As relações de Branco e Augusto no limite da crueldade.
 
        A Companhia Azul Celeste de São José do Rio Preto foi fundada em 1989 por Jorge Vermelho e Cássio Ibrahim, completando 26 anos de existência neste 2015 e contando com cerca de 25 títulos em seu repertório.
        MUNDOMUDO é a encenação mais recente do grupo. Concebida por Jorge Vermelho, o ato sem palavras tem dramaturgia de Cíntia Alves e foi dirigido por Georgette Fadel.
 

        Em um cenário que remete ao picadeiro de circo, um ser jaz prostrado (A) em uma cadeira de rodas enquanto o público se acomoda na plateia. Uma segunda figura (B) adentra o espaço cênico com ar patético e assustado. No melhor estilo clownesco estuda o ambiente, tenta consertar uma lâmpada e analisa a situação do ser imóvel. (A) ao acordar revela-se o dono da situação, o patrão opressor que por meio de sons emitidos por apitos e chocalhos dita ordens ao servil (B). Claramente inspirados em personagens de Samuel Beckett (em especial da peça Fim de Jogo) e nas figuras tradicionais do circo (Branco e Augusto), (A) e (B) iniciam jogo de poder cruel que não tem desenlace como costuma acontecer no cenário beckettiano. Aquilo irá se repetir ad infinitum sem nenhum sinal de revolta por parte do oprimido e humilhado (B).

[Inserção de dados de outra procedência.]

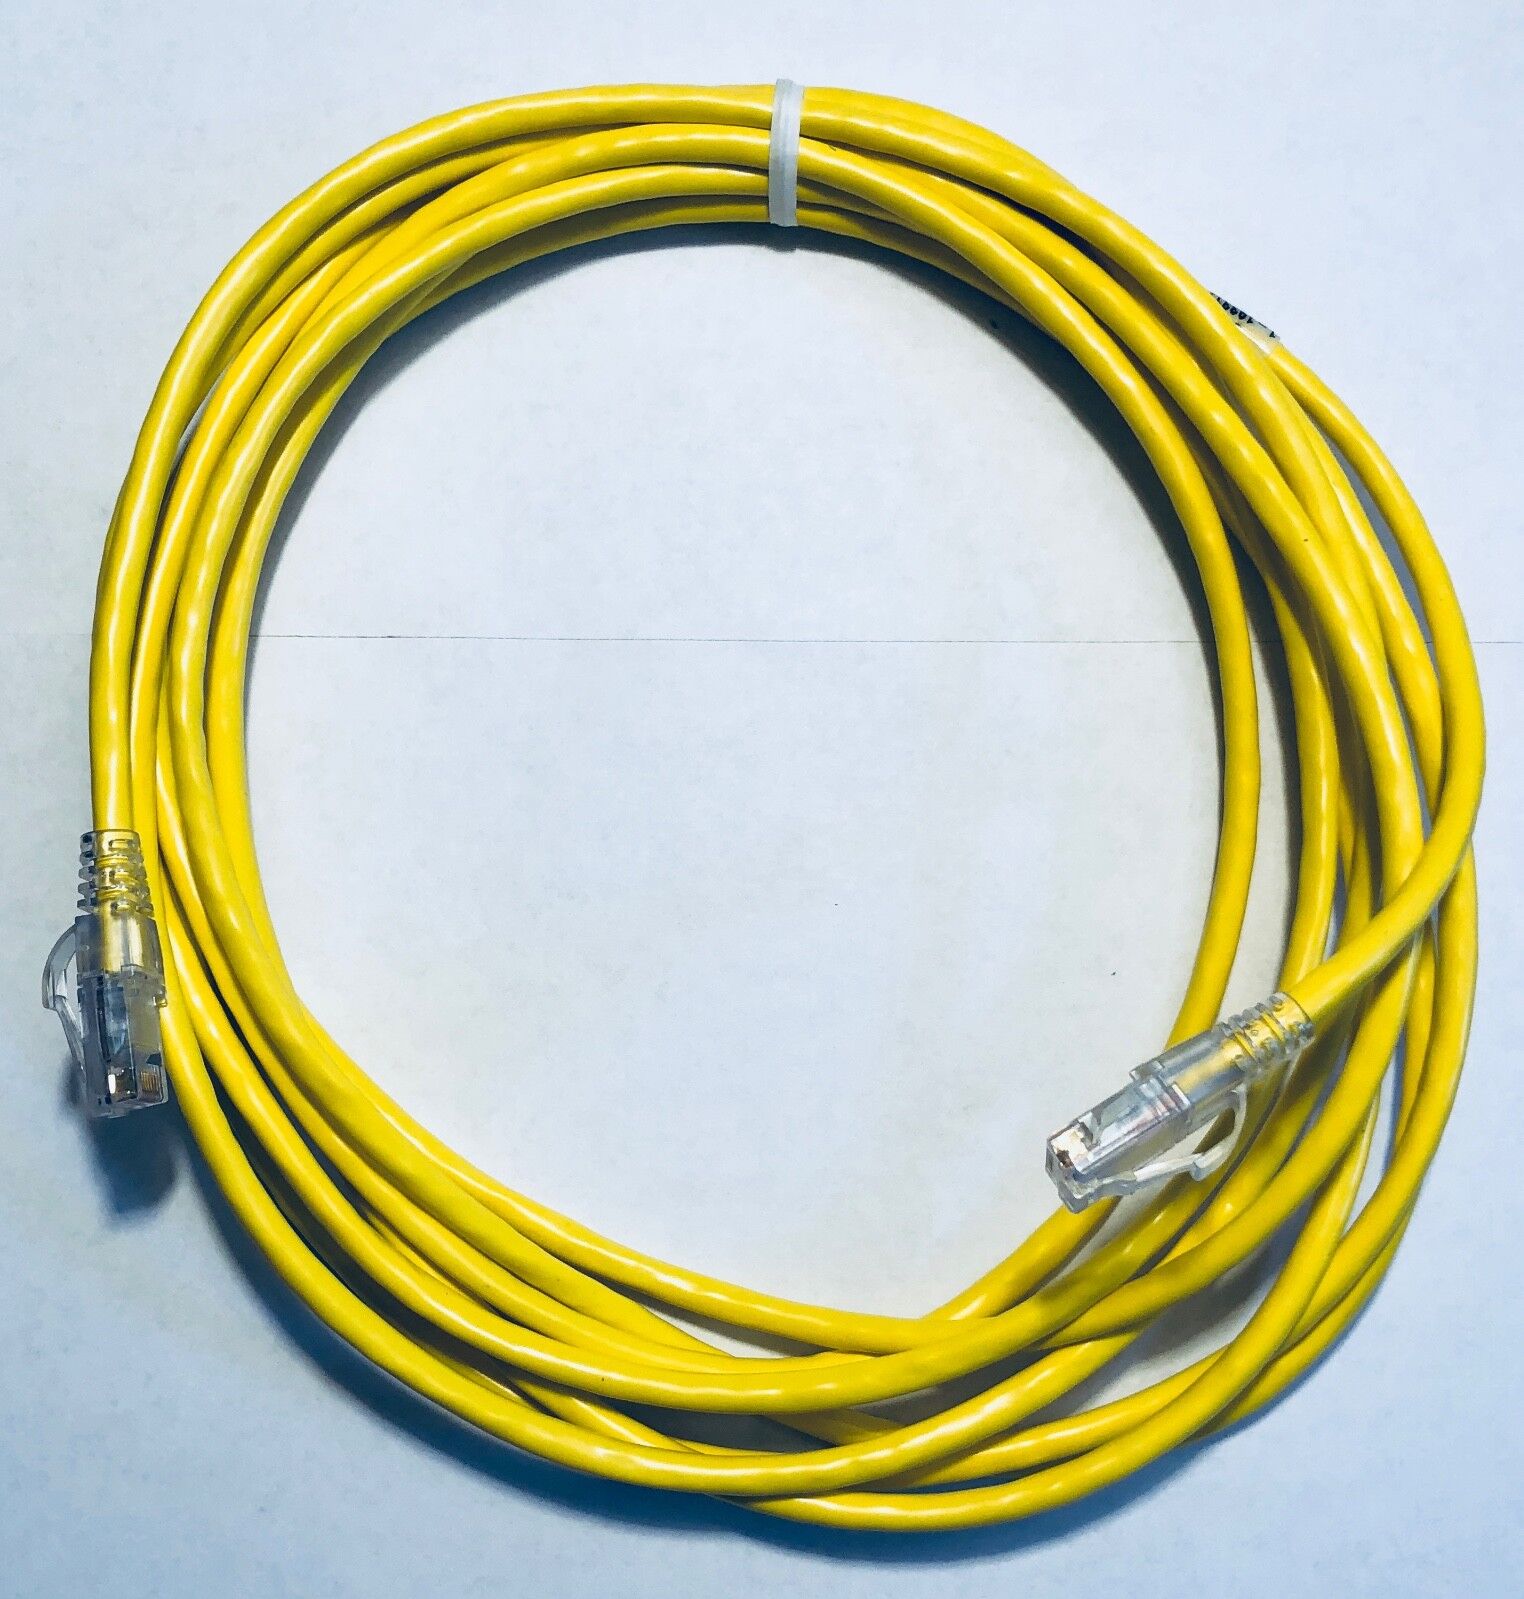 TE AMP CommScope 14ft CAT 6 Slimline Patch Cable Yellow

        Jorge Vermelho encarrega-se com muito brilho da figura triste e oprimida de (B). Suas ações, gestos e máscaras provocam risos e lágrimas no público, revelando a fragilidade de um ser que não tem outra escolha além do seu servilismo. A brutalidade e a crueldade de (A) são materializadas por Henrique Nerys que atua sentado numa cadeira de rodas e tem seu estado emocional apenas traduzido por expressões faciais e gestos com as mãos e os braços.  O jogo de cena dos dois atores é muito preciso e há perfeita sincronia entre a ação e os elementos cênicos (iluminação, objetos de cena, sonoplastia).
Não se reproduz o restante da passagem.